The first vote I ever cast was for Jerry Brown for governor. The first vote I ever cast for president was for Gerald Ford. (That was the last time I ever voted for a Republican, btw.)I have become a little bit more coherent since then.

I was not, at the time, a fan of Jimmy Carter; I thought he was sanctimonious. I was 20. (Little could I have imagined what was to come.) And I thought Ford had done the right thing by pardoning Nixon. Yes I really did.

I did not understand the zombie nature of Republicanism and had no way of knowing that unless you drive a metaphorical stake through the heart of GOP crooks and liars, they will be back, refreshed and and ready to screw up the country in almost exactly the same way, within just a few years. In those days, I couldn’t imagine that the Republicans would ever elect someone worse than Nixon. I thought we had gone back to “normal” where nice moderate guys like Jerry and Ike would keep the seat warm until the real leaders would return. Live and learn.

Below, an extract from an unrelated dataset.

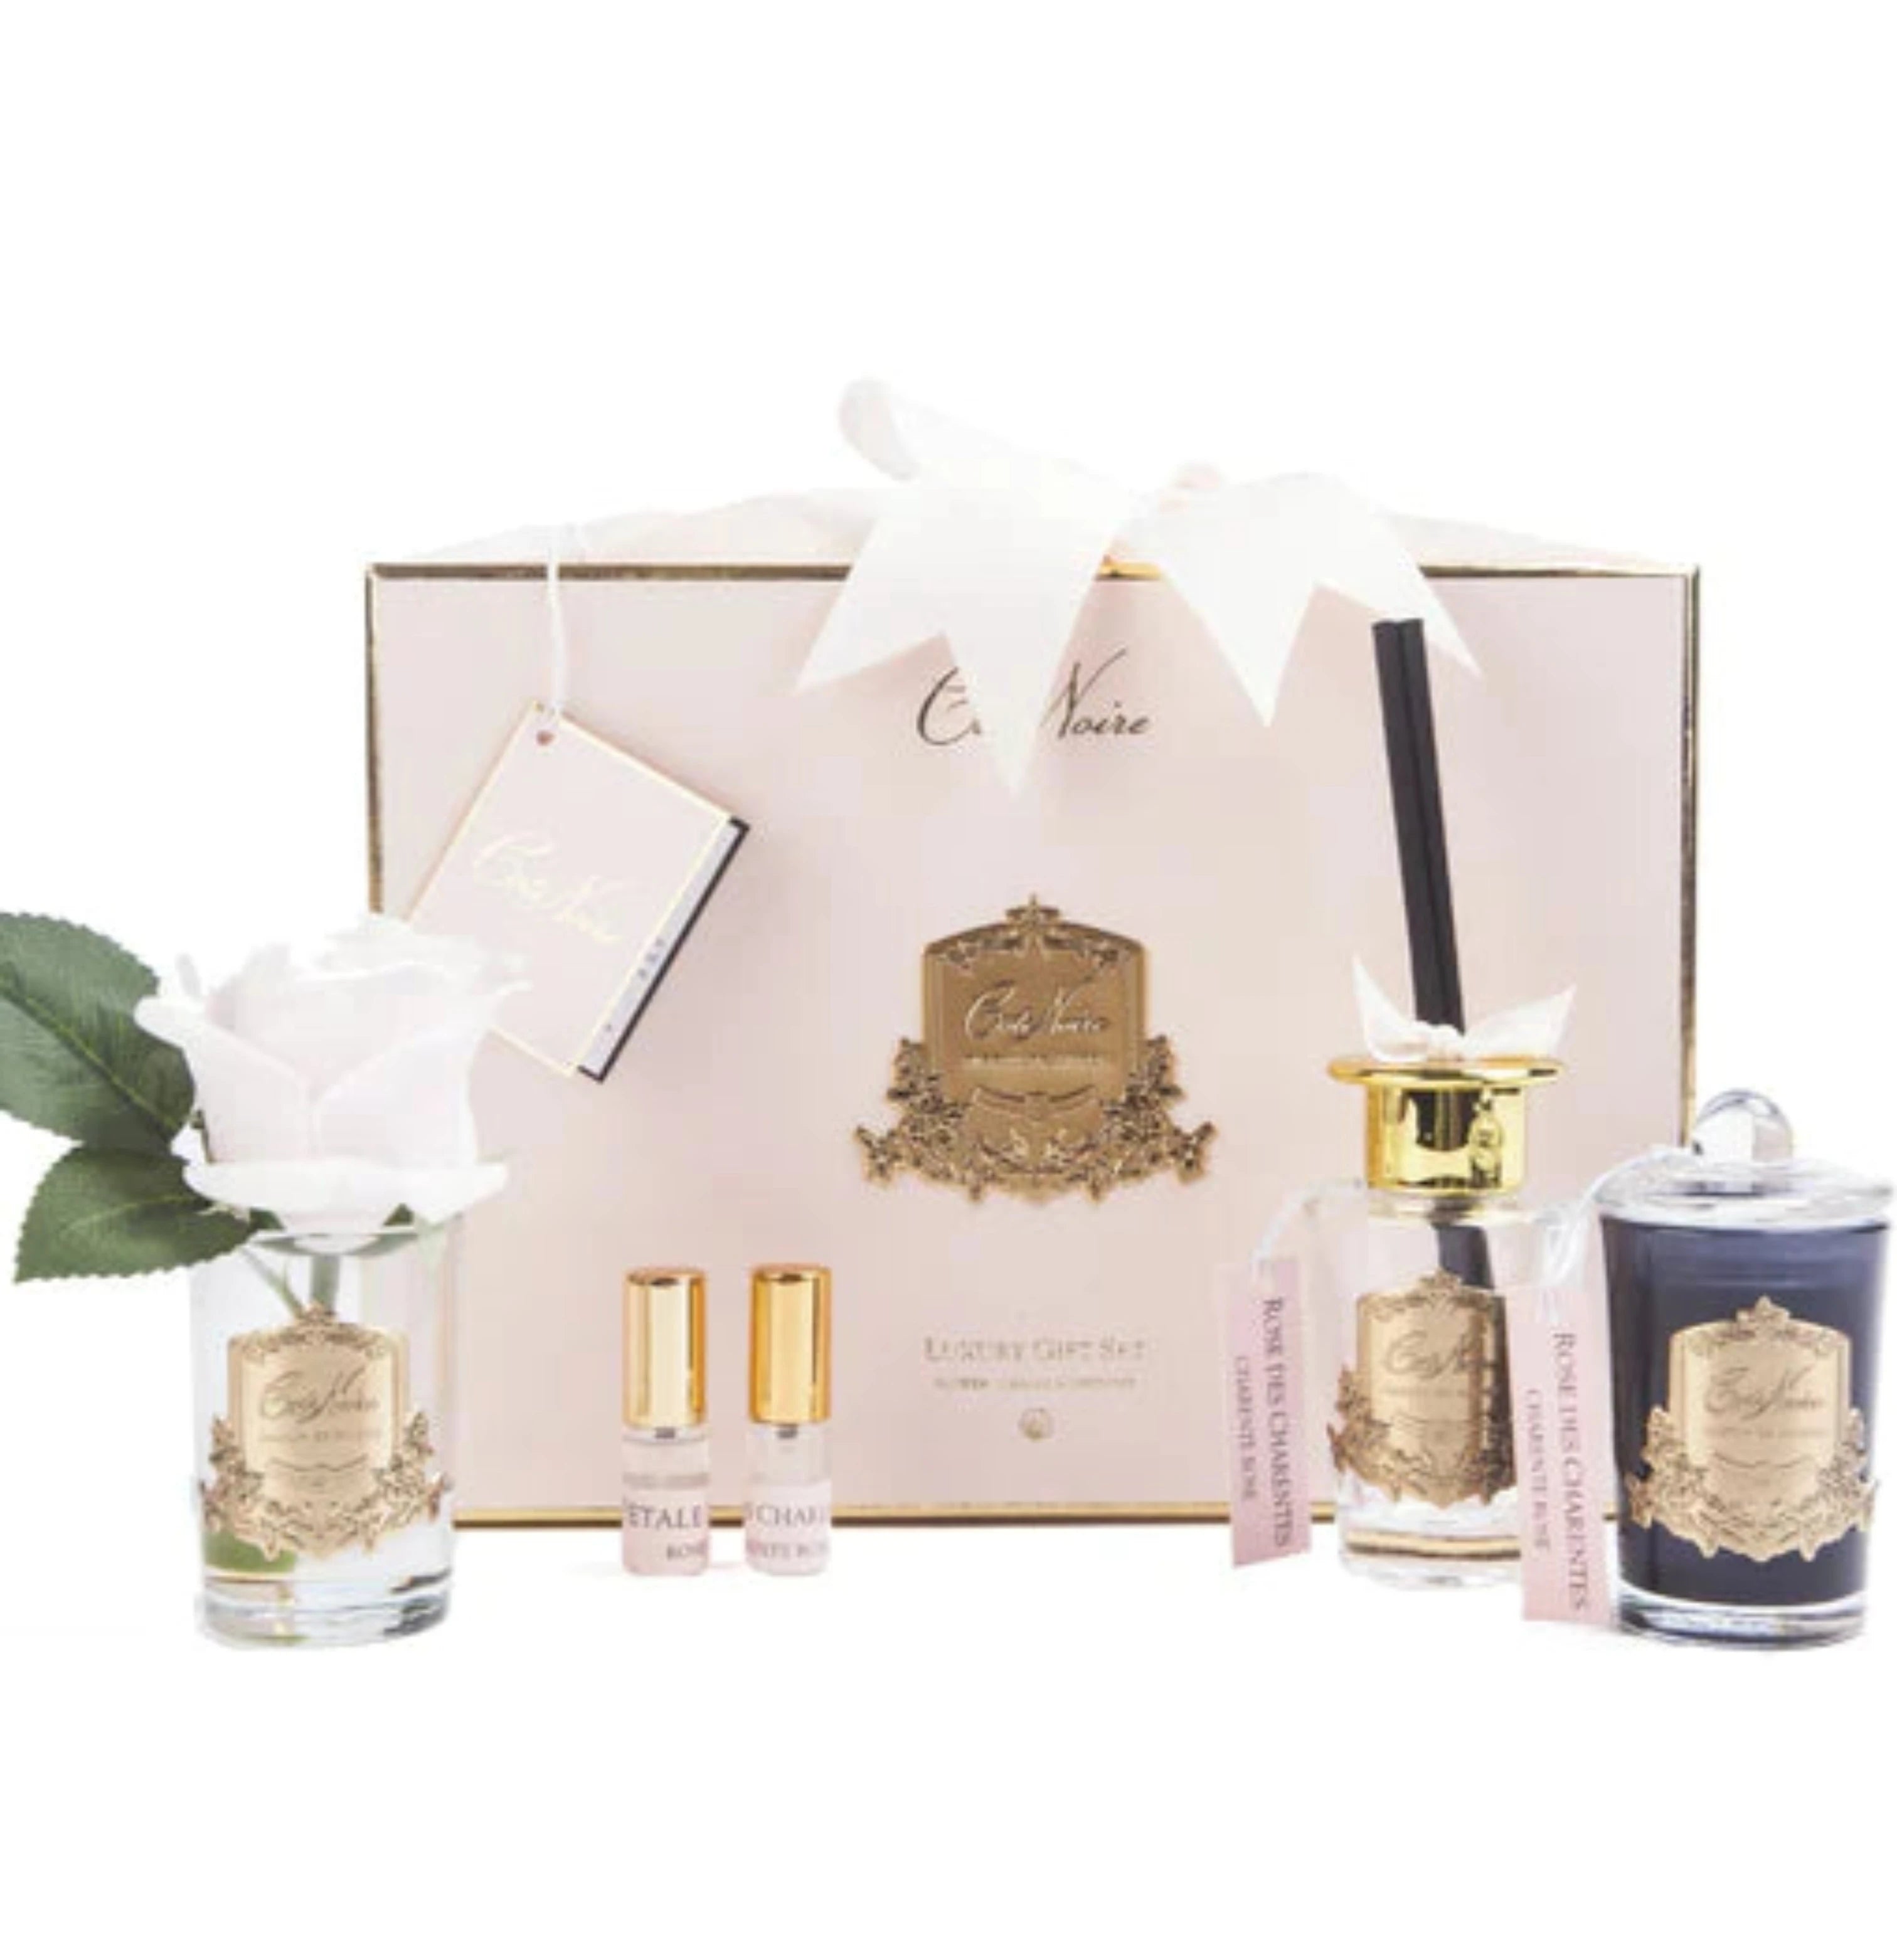 Côte Noire Charente Rose Gold Gift Collection

The thing I remember most about Ford, though, was his family. They were great — a bunch of handsome baby boomers frolicking on the lawn, rumored to have smoked pot in the white house, fresh and cool and so much less uptight than Nixon and the girls. As a young person of the same age, it was a powerful image that meant something to me.

And Betty remains my favorite first lady of all time. She was funny and human and normal. I’ll never forget watching her hosting a Bolshoi ballet on television when she was obviously under the influence of something or other. I thought to myself, this is a real woman of her time. And of course, she went on to be one of the first famous women to announce that she was fighting breast cancer and founded the Betty Ford clinic not long after. She has done a world of good for the recovery movement.

Ford was an old school GOP moderate, the kind that aren’t around anymore. But he bears some responsibility for what came after. After all, his administration spawned the two most twisted leaders of the Bush administration — Cheney and Rumsfeld. From what I know of Jerry Ford, he wouldn’t have been proud of that particular accomplishment. He was not given to megalomania and grandiose schemes.

He bound the nation’s wounds for a moment, but in doing so he created an infection that has festered for the last thirty years. His heart was in the right place, I think. But it was a mistake I hope this nation never makes again.

He was a decent man who had a good sense of humor. RIP.